Progress Toward Open Science

It’s hard to find someone who’ll argue against the notion that science should be open and transparent. In practice, however, much of what scientists do is not available for public scrutiny and debate. What can we do? A recent issue of Science Magazine provides perspectives on how to move toward open science (see also Austin commenting on Brendan Nyhan).

Brian Nosek and colleagues report on a project to define standards for open science. The standards include:

  • Standards for transparency about study designs, study materials, data sharing, and analytic methods (that is, standards for sharing the code comprising statistical models or simulations).
  • Standards for preregistration of studies and data analysis plans.
  • Replication standards that recognize the value of replication for independent verification of research results and identify the conditions under which replication studies will be published in the journal.
  • Citation standards that extend current article citation norms to data, code, and research materials.

Over 100 journals have signed on to these standards, including Science. Relatively few medical journals are signatories. Readers with connections to journals should raise these issues with editorial boards and professional societies.

Getting these standards adopted across science will be a struggle. Some fields have huge incentives for priority of discovery. This encourages labs to conceal methods and even details about results for as long as possible. For scientists in any field, open science requires great attention to accurate documentation of methods and curation of data. These are time-intensive tasks. Therefore, practicing open science competes against the expectations that scientists achieve high research productivity.

For this reason, Bruce Alberts and colleagues argue that scientists’ career

incentives should be changed so that scholars are rewarded for publishing well rather than often. In tenure cases at universities, as in grant submissions, the candidate should be evaluated on the importance of a select set of work, instead of using the number of publications or impact rating of a journal as a surrogate for quality.

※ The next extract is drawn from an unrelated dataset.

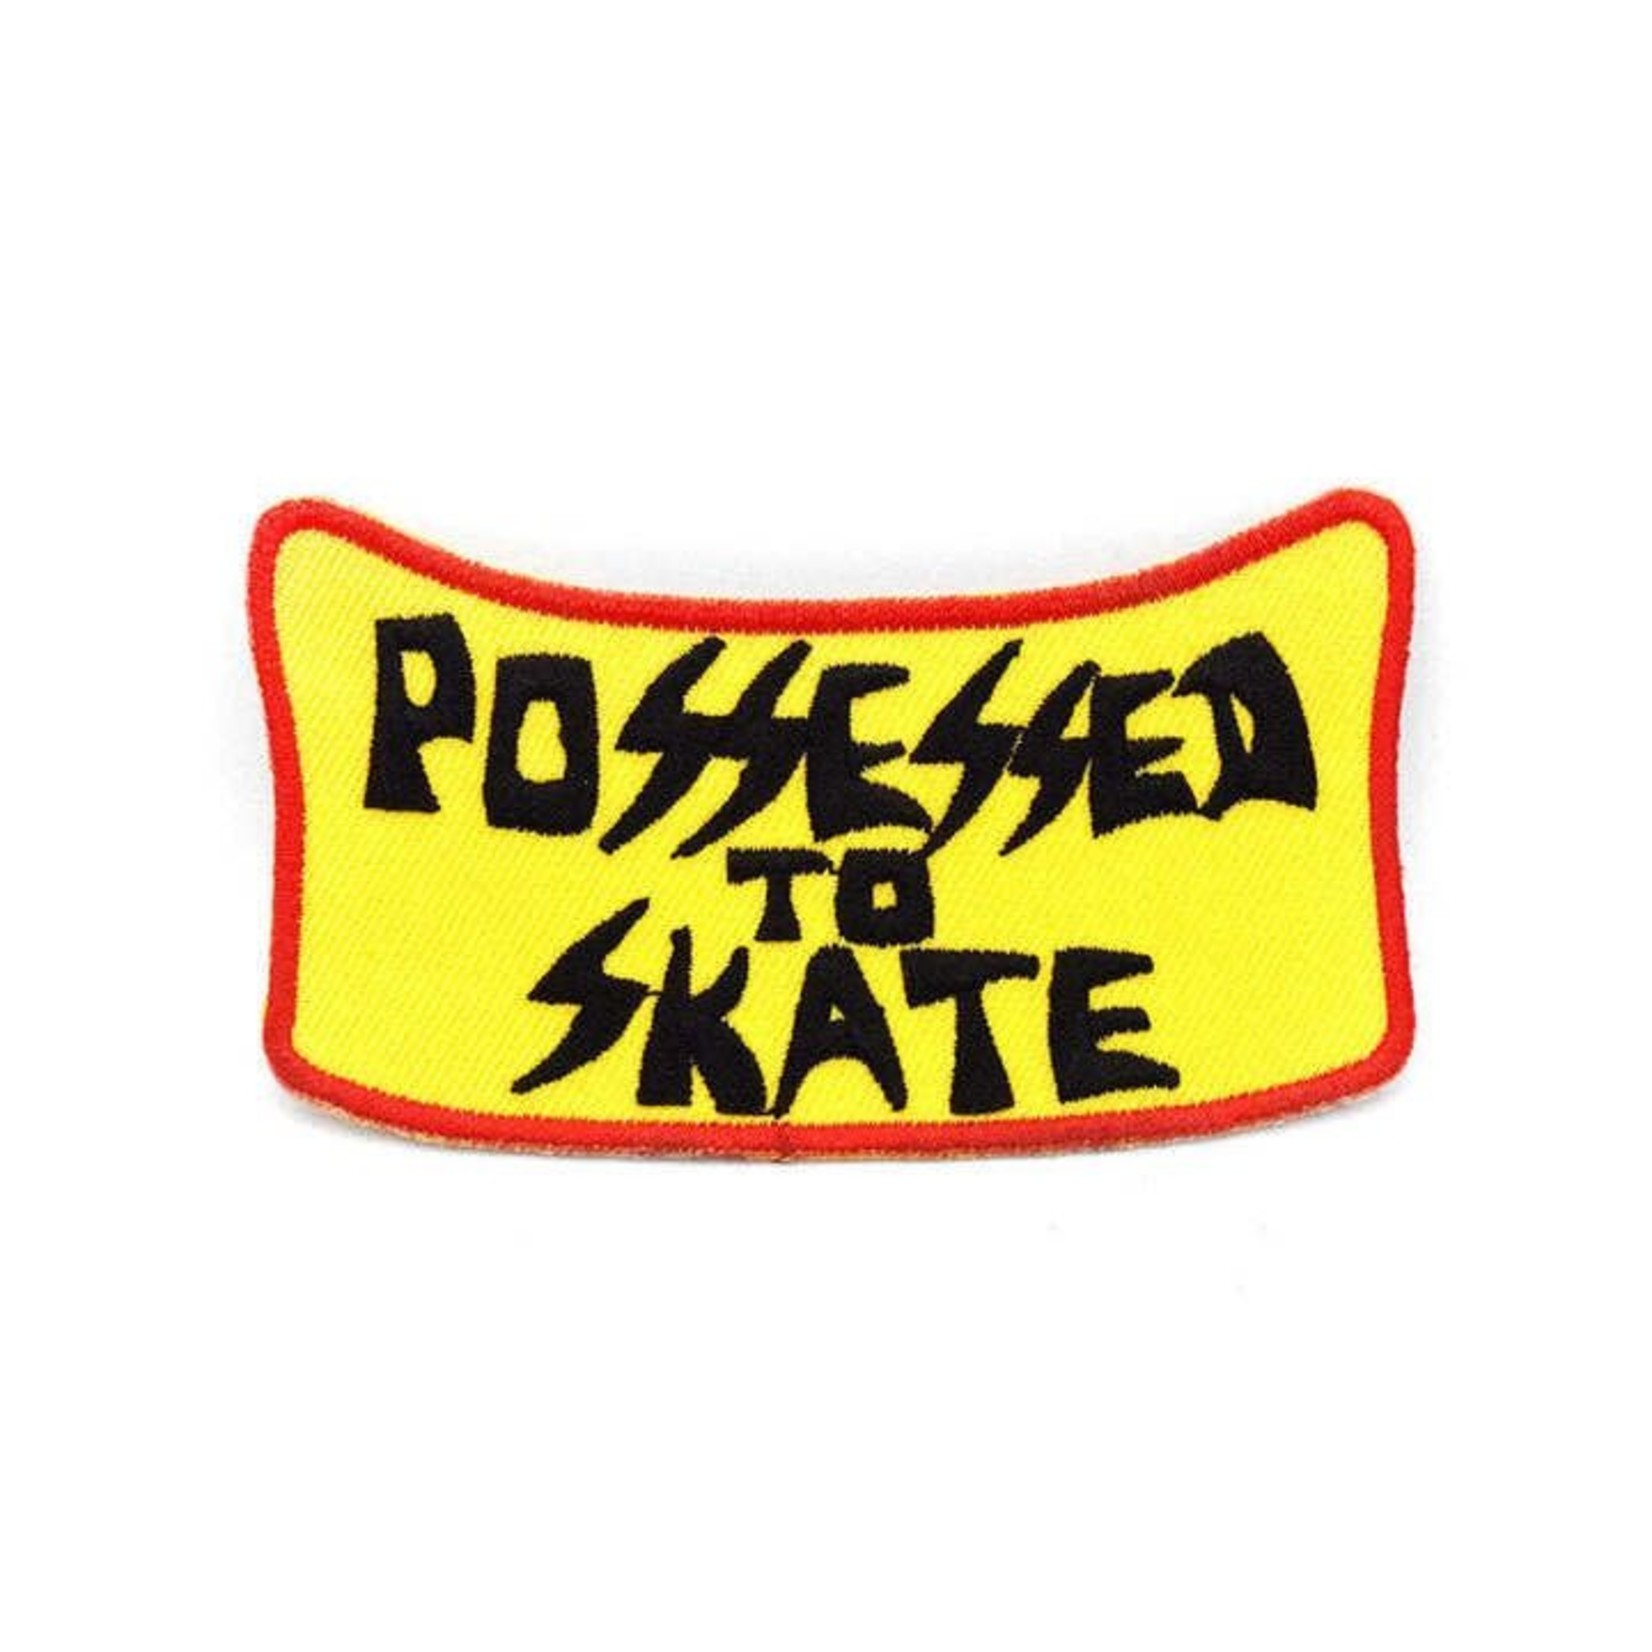 Suicidal Skates Suicidal Skates Possessed to Skate Patch 3.25" x 2" - Yellow

The challenge in implementing evaluation on quality rather than quantity will be finding valid and reliable ways to measure importance.

What’s at stake in open science? Transparency is part of what defines science, so open science is just better science. Period.

But open science is also critical for the applications of science. As Austin and I discussed recently, part of the solution to the troubles concerning conflicts of interest in medical research is to make science more transparent. To the degree that we have confidence in the data and methods of a study, the less it matters that an author has a financial tie to industry. To the degree that we can verify, we don’t have to trust.

The same applies to using science in policy. Getting to empirically-driven policy requires that we gather data and evaluate social programs against benchmarks. Credibility of evidence is everything here. Most of us have strong prior beliefs about the effectiveness of social programs, and we are inclined to distrust the research of those with whom we disagree. We will never completely counter those priors. But what we can do is make the data, design, methods, and analyses in policy-oriented science as reproducible as possible.